Said the very strange doctor standing at the end of my hospital bed.
He had the thick set dark look of an Egyptian souk dweller.  His large belly clothed in a heavy check shirt was supported by a huge, thick, immensely old leather belt, which had not a single waistband loop to help it in its duties.  He had all the appearance of a Sudanese railwayman, so that's what he became to not just me, who has a problem catching foreign doctors' names, but the rest of the ward and even some of the nurses.

I had suffered a heart attack at 2-30 am on Boxing Day and here I was in hospital facing the trip to a larger hospital to have an angioplasty.  The Sudanese train driver was my referral doctor. I had seen so many, all of whom asked the same questions and assured me they were the one who would be looking after me and all of whom I never saw a second time!
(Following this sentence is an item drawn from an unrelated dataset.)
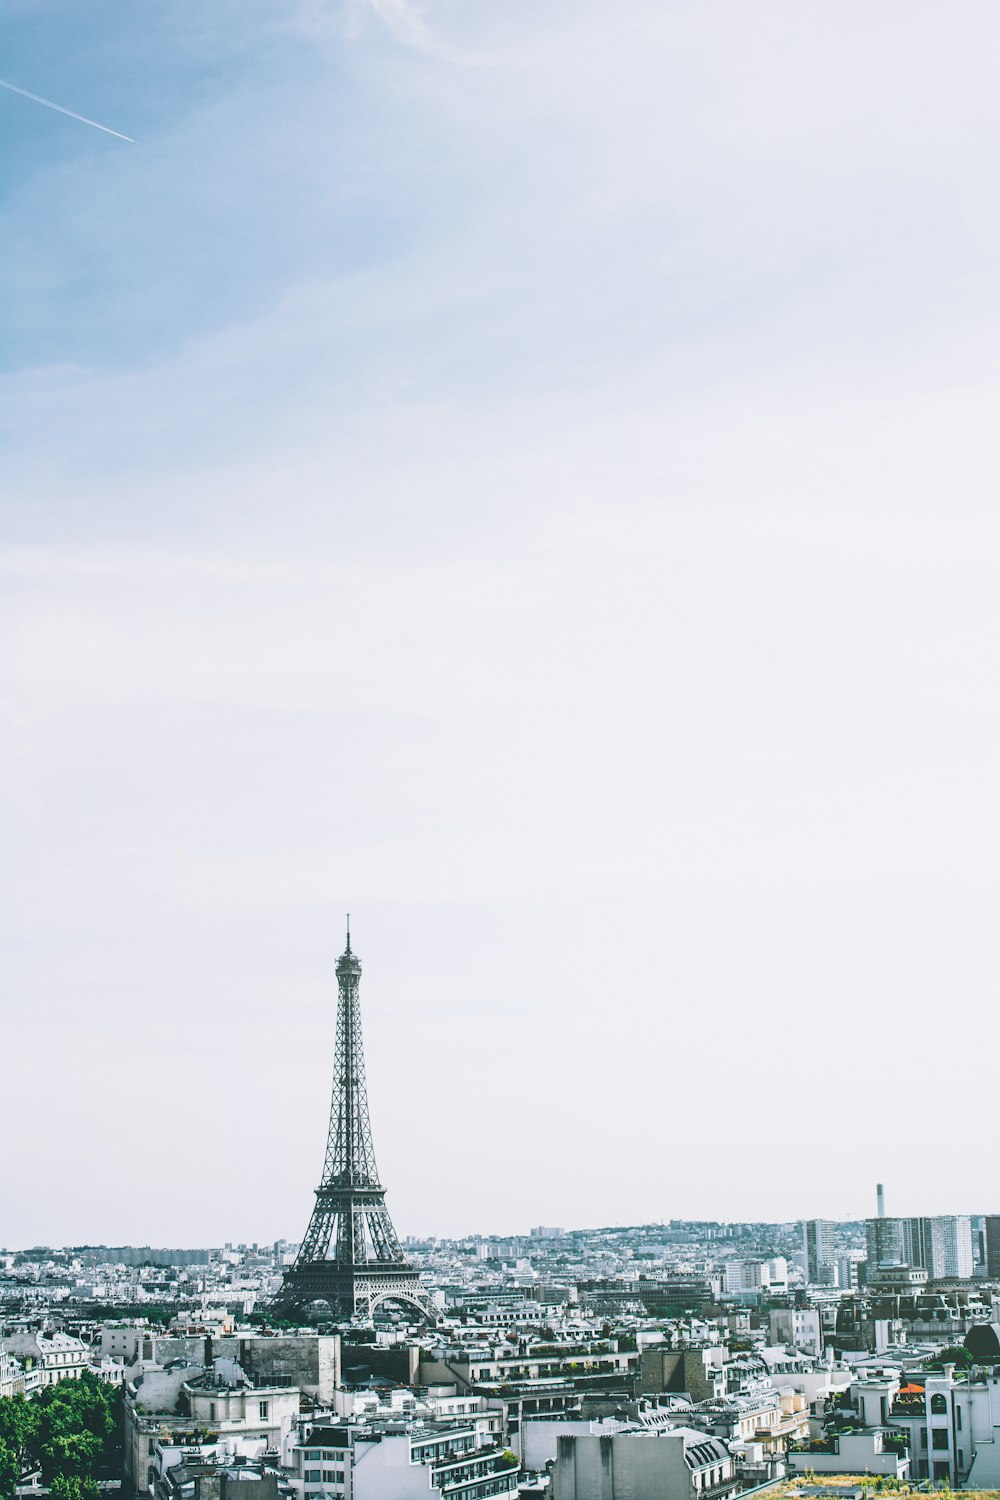 Fotografía de la Torre Eiffel de París

Eventually, an Indian doctor came to see me in the larger hospital, explained the dangers of the procedure, got my signature and left, BUT, he was in green scrubs. HE looked like he meant business. HE chatted about modelmaking.  And HE it was, who explained it all to me as he poked a wire up my right arm, painlessly, swiftly and surely.  I was awake the whole time and was so comfy on the firm but compliant slab of foam that I nearly nodded off, but I then realised they'd been playing country rock on the music machine in this tiny ops. theatre.  Country rock for Christ's sake!  I complained and the doctor laughed out loud and told me to bring my own fucking music next time. Touche, Mr. Krishnam.  And thanks.

Later that afternoon, as the crew from the little ops. theatre came into the ward to prepare for a good night out, he came in to have a long chat about modelmaking, slot cars, craftsmanship and a lot besides.

My friends who assured me that the procedure was painless were instrumental in my putting  my signature to the permission form.  I was too scared before that.  You know who you are and thanks, as ever.

I should say that I had not stayed in a hospital since I was about 9 or 10, an experience I have chosen to forget. Ever since, I have hated being in or even near a hospital, something I have only done, reluctantly, in the role of visitor.
Yet my experience in adulthood for the first time, of staying, nearly a week in not one but two hospitals could not have been better.  The friendliness, helpfulness and professionalism of every level of staff, from cleaners  through orderlies and auxilliaries to nurses, staff nurses and doctors was astonishing.  They must be hard wired to do these jobs so well, so reassuringly.  Nobody could could keep the act going otherwise.

Superb service, lovely home cooked food, oodles of tea and other drinks throughout the day. The right medications at exactly the right times of day, blood pressure and sugars taken every hour if necessary.  Saline drips, heart monitoring, bed remaking, the friendly Norfolk sing-song of "aah yoroite, mah daalin'"?
Astonishing.
And all for free.  We British don't know what we have, really.

What a week!
Meet Monica the Monitor.  The transport of this entire rig was necessary for me to just spend a penny!